Broer Doekele (B.D.) Dykstra (November 21, 1871 - March 29, 1955) was a Dutch American pastor, educator, and poet who wrote several books, served as editor of the Volksvriend Dutch-language newspaper, and was a visible member of the Reformed Church in America.  Known in the RCA as "the man on the bicycle," he operated a small publishing house with his sons and traveled door-to-door to sell his books.
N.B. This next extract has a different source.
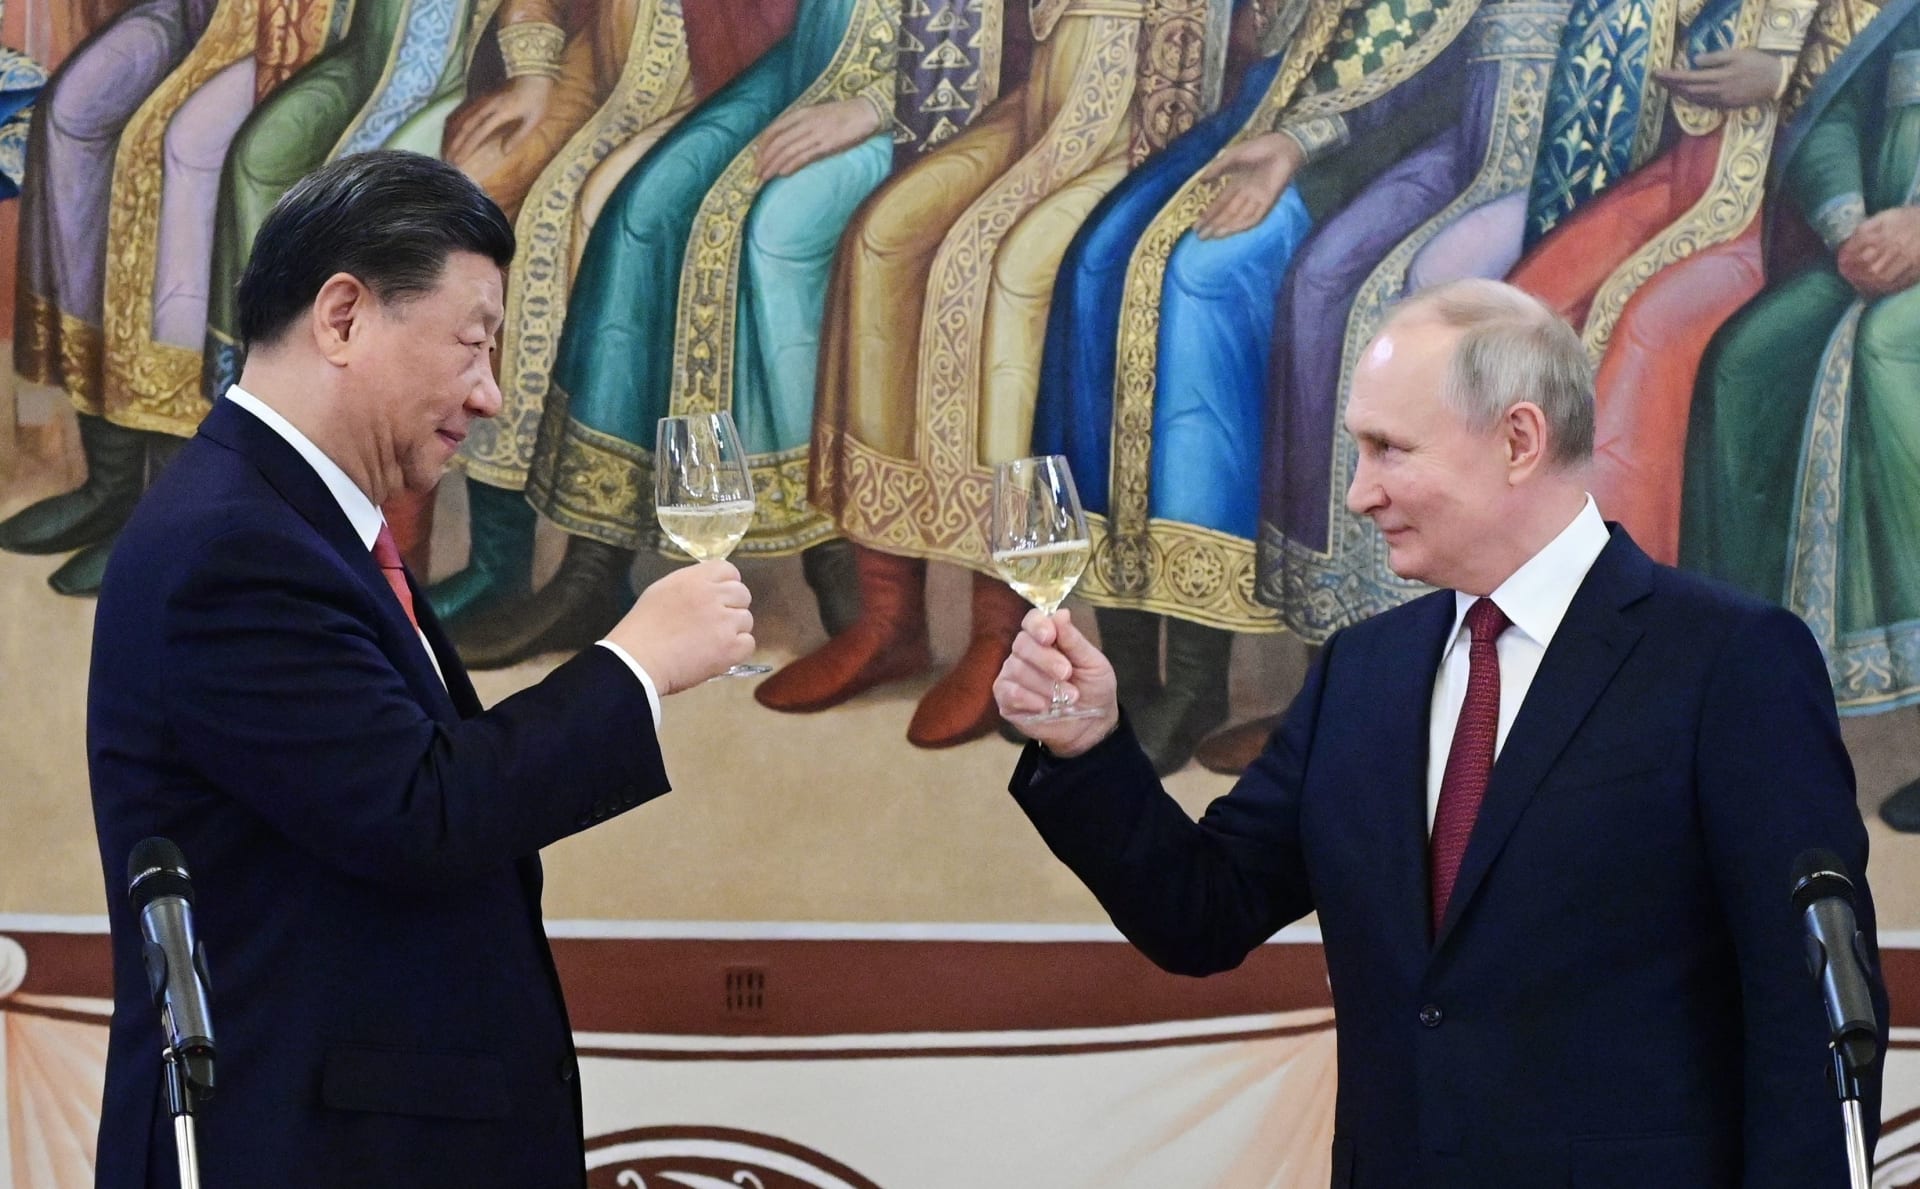 تحليل: 6 سنوات أخرى من حكم بوتين تثير قلق العديد من البلدان.. ولكن ليس الصين

Dykstra was born "Broer Dijkstra" in Pingjum, Friesland in 1871, son of Doekele Dijkstra and Beitske van der Schaaf. The family emigrated to the United States in 1882. He became an avid pacifist.  He was a student at Orange City Academy, now Northwestern College in the late 19th century; today, the school offers the Dykstra-Muste-Nelson Peace Scholarship in his, A.J. Muste's, and Ronald R. Nelson's honor.  He died in Orange City, Iowa, United States, in 1955.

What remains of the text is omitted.